The second derivative of the FTIR spectra (Fig. 4) shows that the major structural changes in pollen samples were found in the material collected from S4 (Fig. 4d) compared to the one from S1 (Fig. 4a). These changes can be caused by high concentrations of air pollutants, which in most cases exceed the norm for O3, benzo(A)pirene, PM10 and PM2.5. These contaminants directly affect the cells, which build the pollen and can cause mutations in the genetic material leading to changes in structure and chemical properties of the pollen molecule (Dell’Anna et al. 2009). Structural changes are more visible in the curve-fitting analysis of the amide I profile. Indeed, in each of the pollen samples collected from S2, S3 or S4—Fig. 5b, c or d, respectively, compared with the material collected from S1 (Fig. 5a), some peaks corresponding to the secondary structure of proteins were absent.
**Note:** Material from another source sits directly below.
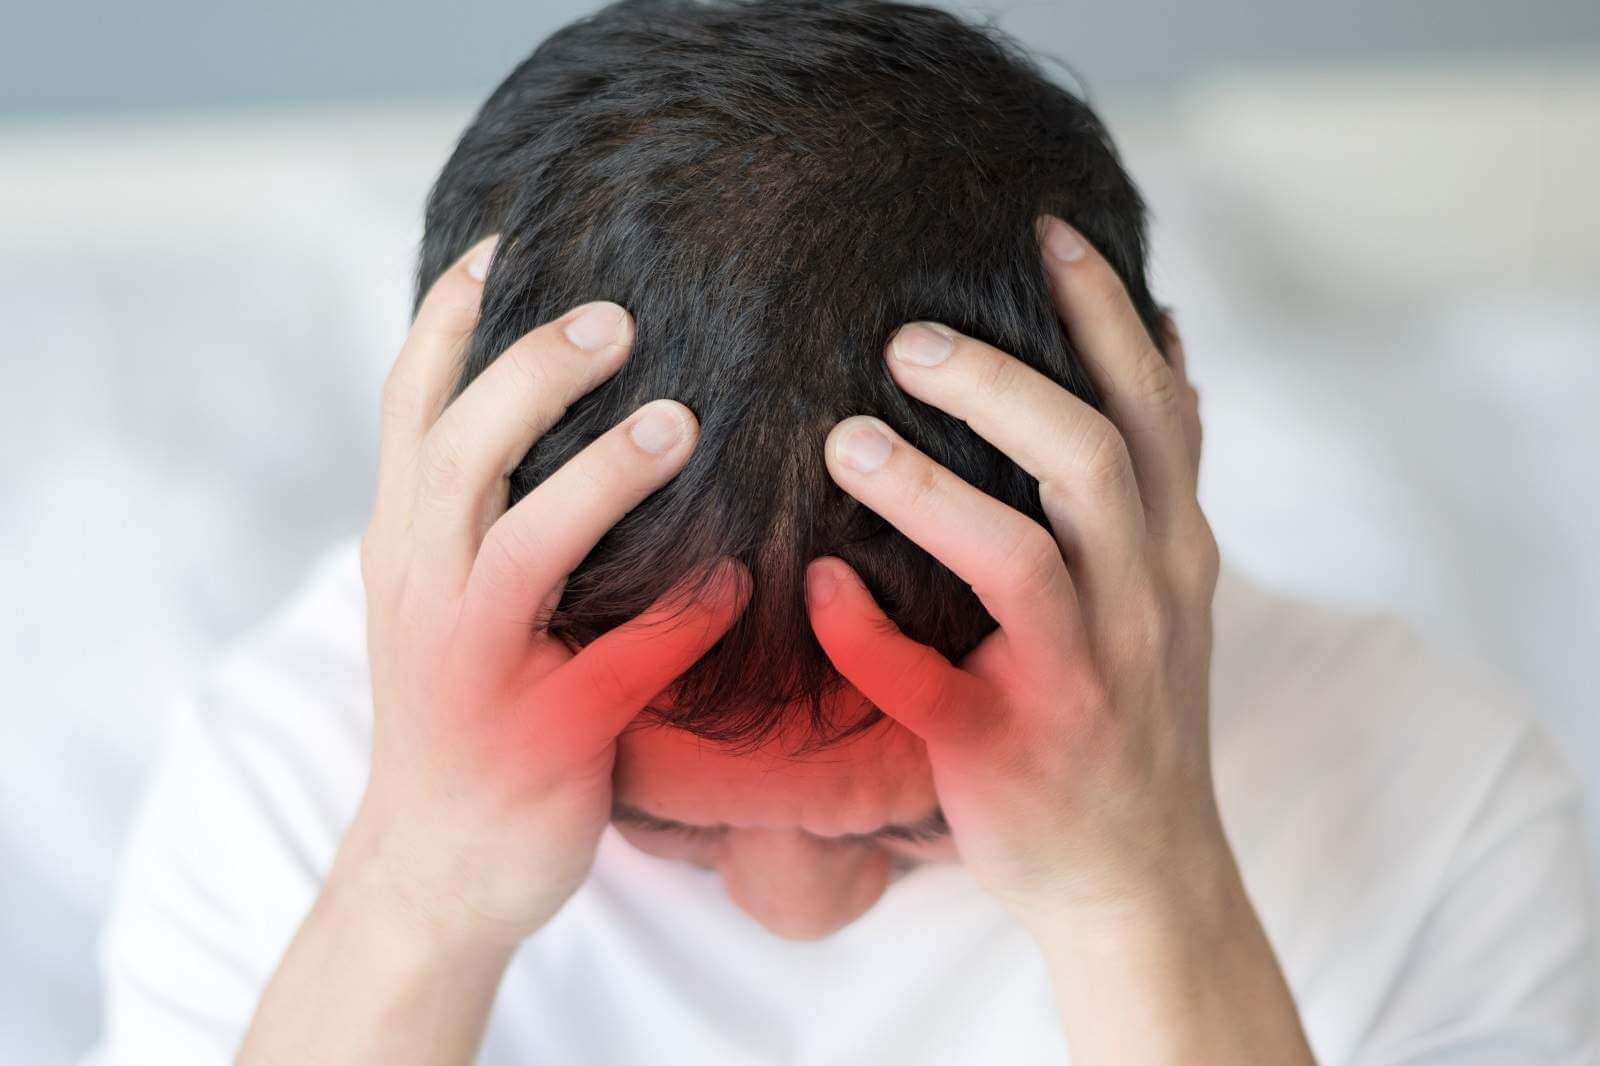 тревожные симптомы сексуальной головной боли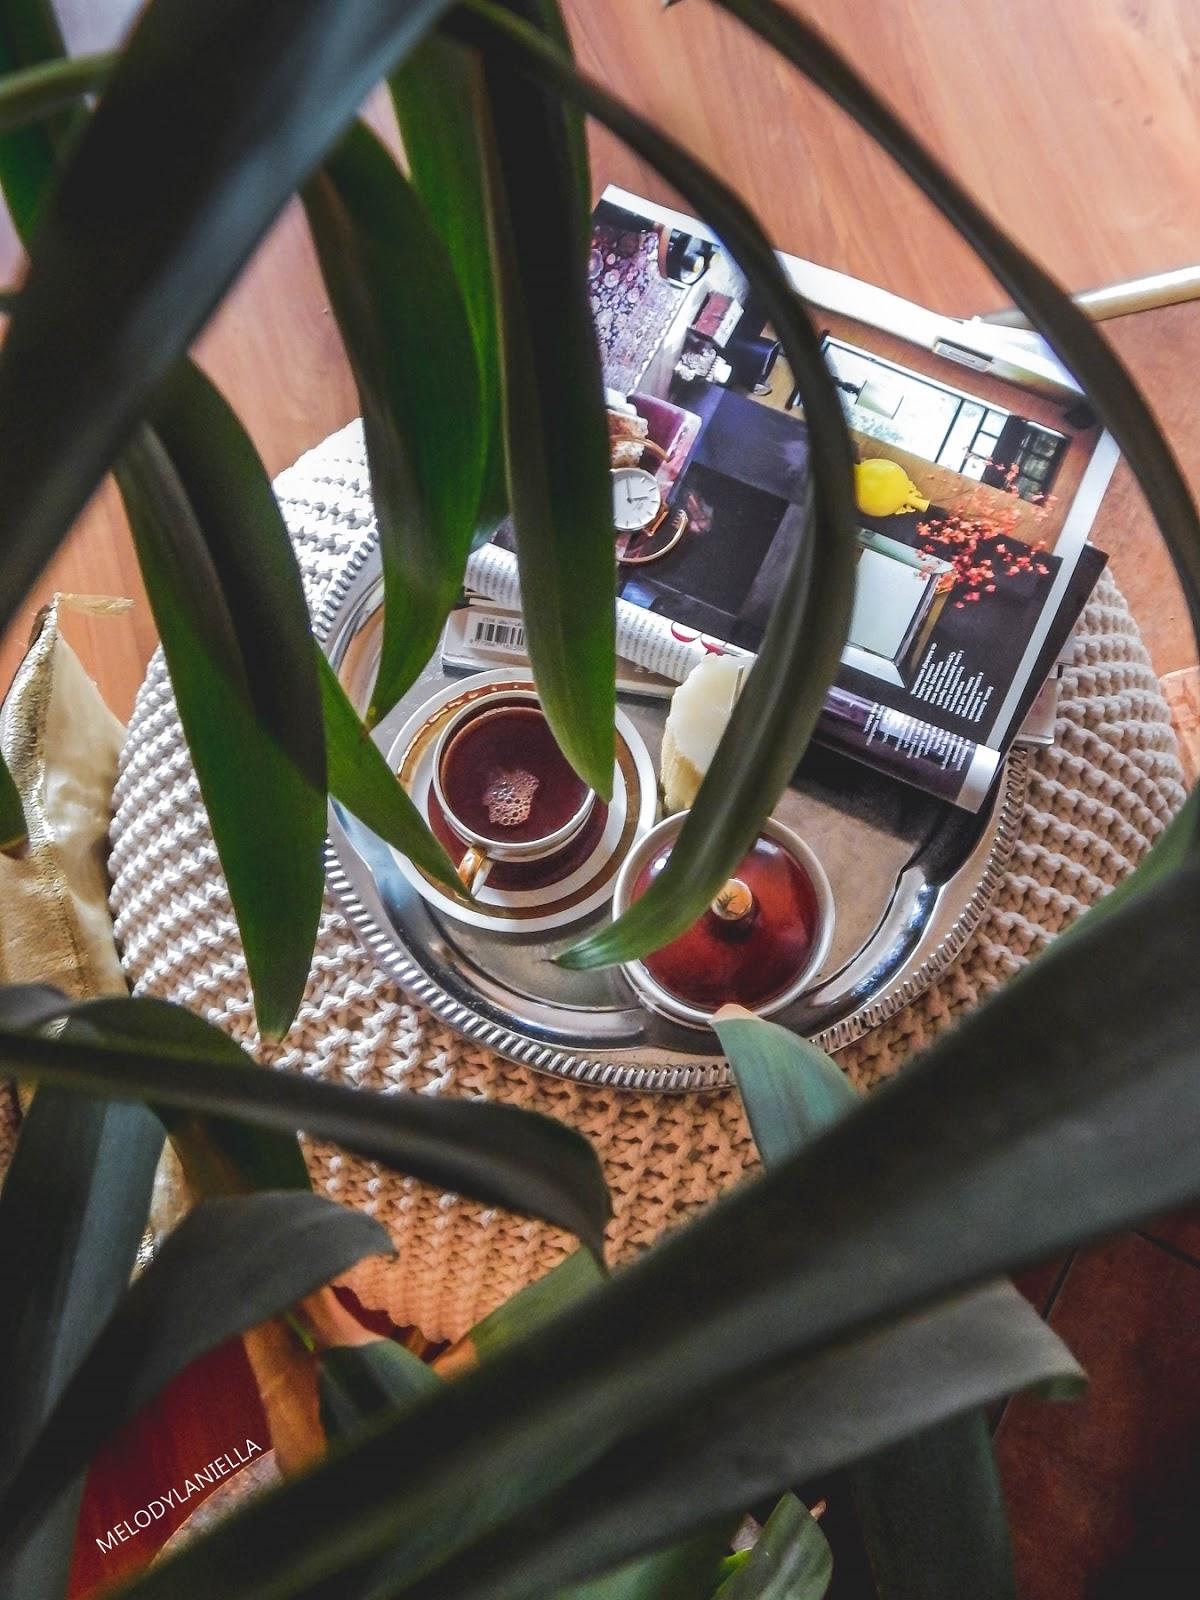 3 filo loop pomysł na biznes iwona trocka pufy poduszki warsztaty handmade robienia na drutach pledy koce shoper bag ze sznurka pomysł na prezent wystrój wnętrz design dodatki do mieszkań i domów handmade

Furthermore, quantification of the α-helices and β-harmonica also differ between respective tested pollen. It could be caused among others by environmental factors.

5 Conclusions

The results indicate that anthropogenic stress has an impact not only on quantitative changes (different absorbance values of individual functional groups, which build the chemical structures of pollen), but also qualitative changes (in the secondary structure of proteins). The structural changes in proteins, observed in the second derivative of the FTIR spectrum and the curve-fitting analysis of amide I profile, result from mutations occurring in the genetic material, which can be caused inter alia by air pollutants. This can lead to more aggressive allergenic proteins and hence to more frequent cases of allergy in people.

Concluding, FTIR spectroscopy is a sensitive indicator of chemical compounds such as nucleic acid, proteins, polysaccharides and lipids constituting the C. avellana pollen. Moreover, the FTIR technique in combination with curve-fitting analysis allows determining the secondary structure of proteins and thus can also identify the changes in proteins induced by different factors such as pollutants. Consequently, this method can be recommended to investigate biological materials, as it allows to identify structural and chemical changes in the pollen grains.